本研究旨在评估不同前列腺特异性抗原(PSA)水平的男性中高级别前列腺癌的生存结果。

材料与方法

2004 年至 2015 年,在监测、流行病学和最终结果数据库中,确定了诊断为临床局限性前列腺癌和 Gleason 评分(GS)8-10 的男性。患者被分为 PSA 水平<4.0ng/ml、4.0-10.0ng/ml、10.1-20.0ng/ml 和>20.0ng/ml 组。采用多变量 Cox 回归和 Kaplan-Meier 分析来分析前列腺癌特异性生存(PCSS)。

结果

共纳入 59336 名中位年龄为 70(63-76)岁、GS 8-10 的男性。

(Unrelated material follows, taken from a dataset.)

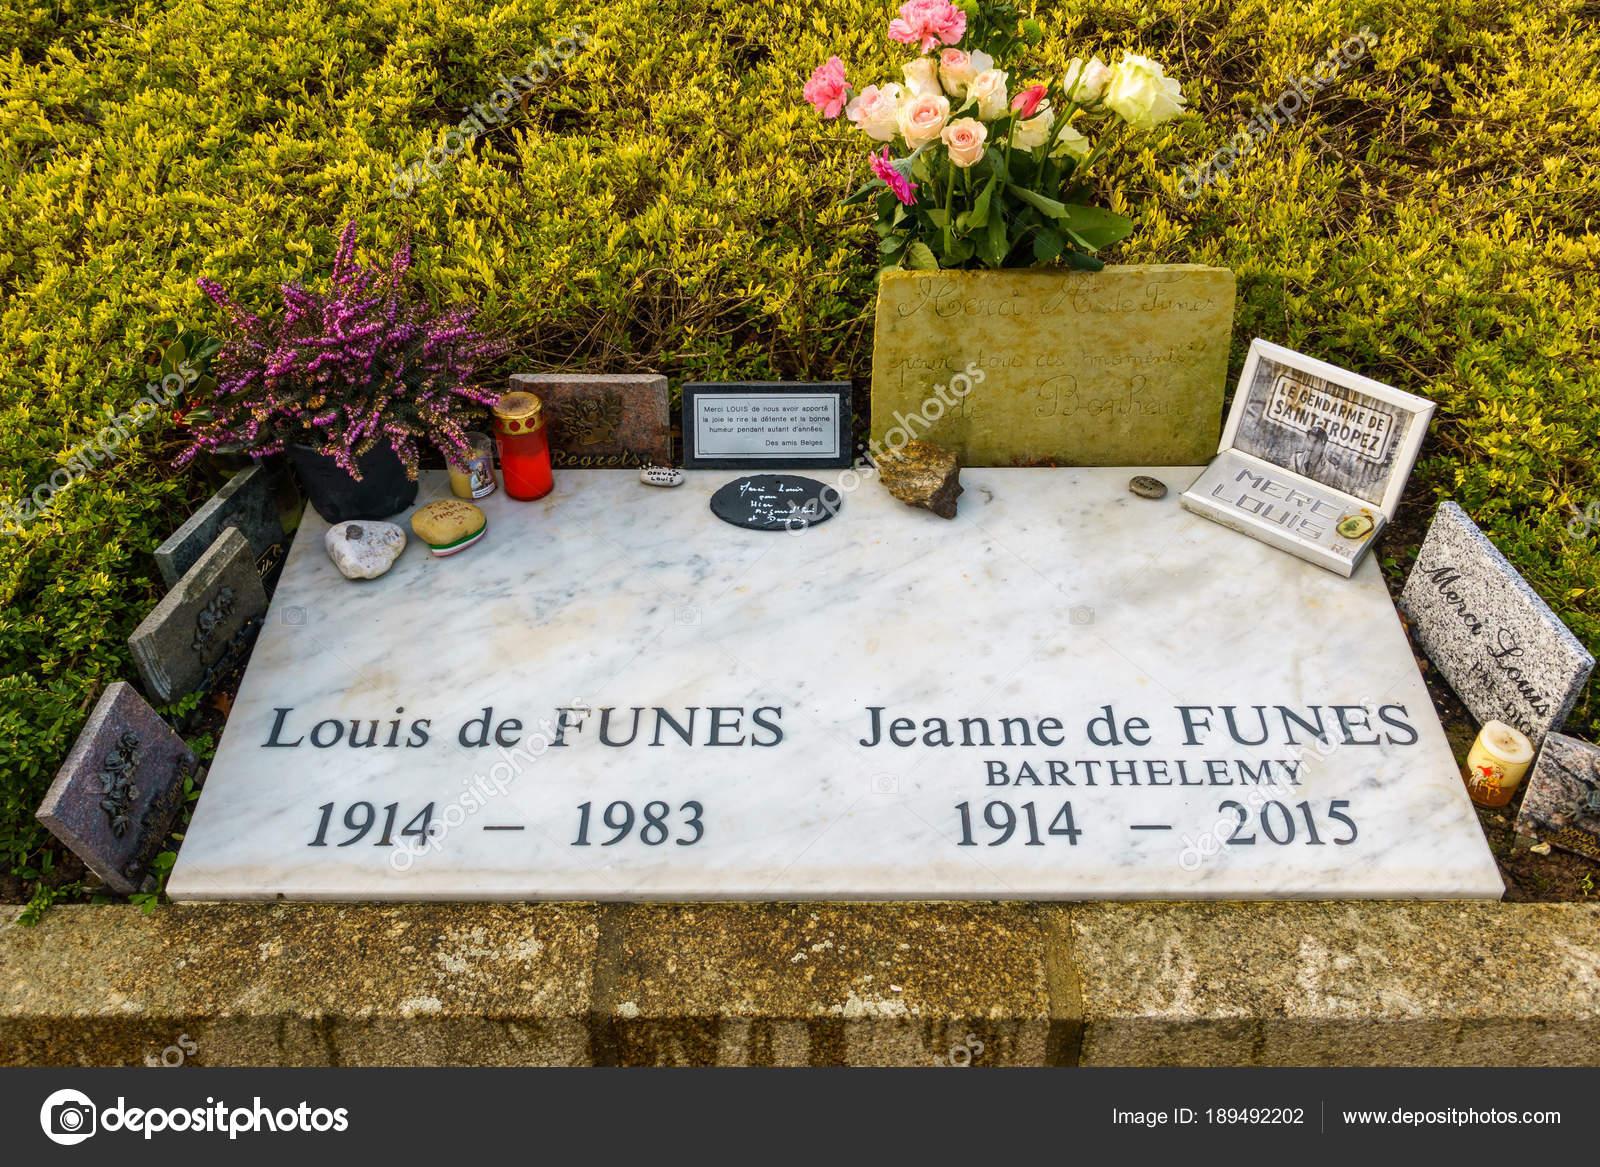 DE FUNES JO LOUIS DVDRIP TÉLÉCHARGER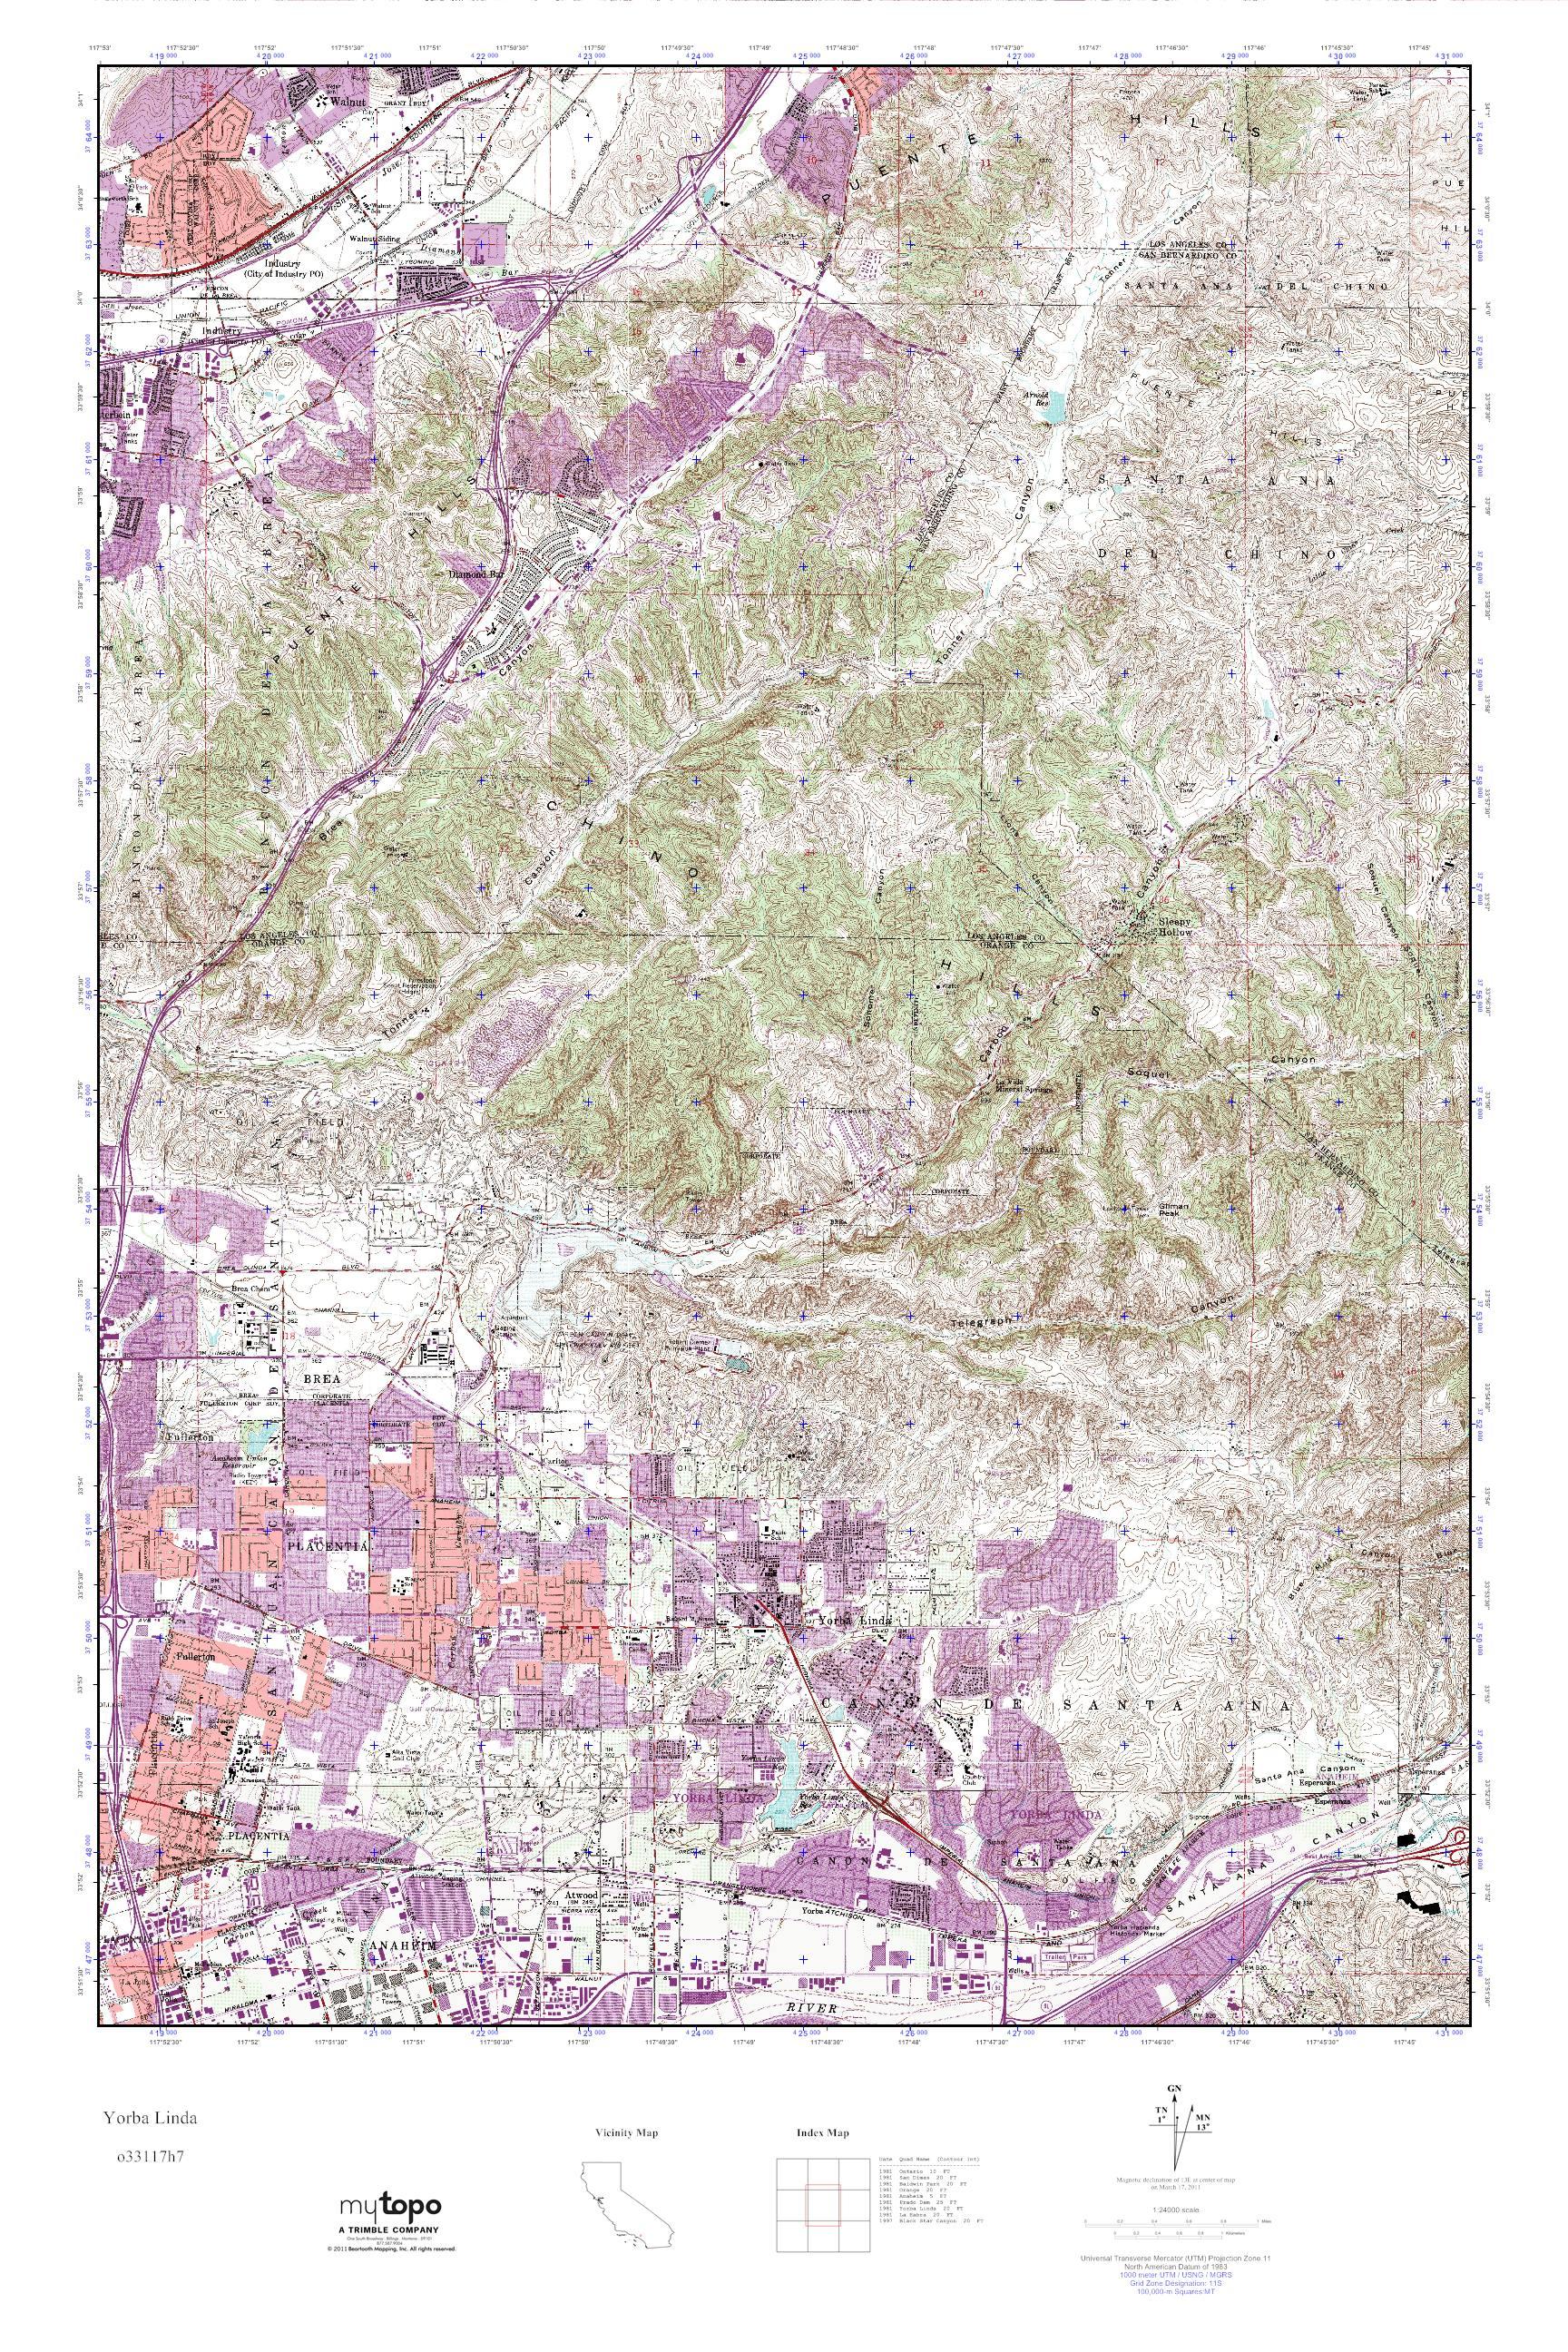 Where Is Yorba Linda California Map.Mytopo Yorba Linda California Usgs Quad Topo Map

PSA<4.0ng/ml 的患者的 PCSS 明显差于 PSA 4.0-10.0ng/ml 的患者[风险比(HR):1.43(1.28-1.58)],但优于 PSA 10.1-20.0ng/ml 的患者[HR:1.18(1.06-1.31)]。按 GS 分层后,PSA<4.0ng/ml 的患者与 PSA 4.0-10.0ng/ml 的患者之间的差异仅在 GS 9 和 10 的患者中具有统计学意义[GS 9 HR:1.49(1.28-1.72);GS 10 HR:1.42(1.12-1.8)],而在 GS 8 的患者中则没有统计学意义[HR:1.04(0.95-1.14)]。此外,在 GS 9 和 10 疾病的患者中,PSA<4.0ng/ml 和 PSA 10.0-20.0ng/ml 的患者的 PCSS 相似[GS 9:HR:1.06(0.91-1.23);GS 10:HR:1.13(0.89-1.44)]。

结论

PSA<4.0ng/ml 的患者的 PCSS 比 PSA 4.0-10.0ng/ml 的患者差。在 GS 9-10 前列腺癌患者中,PSA 水平为 10.1-20.0ng/ml 的患者的 PCSS 相似。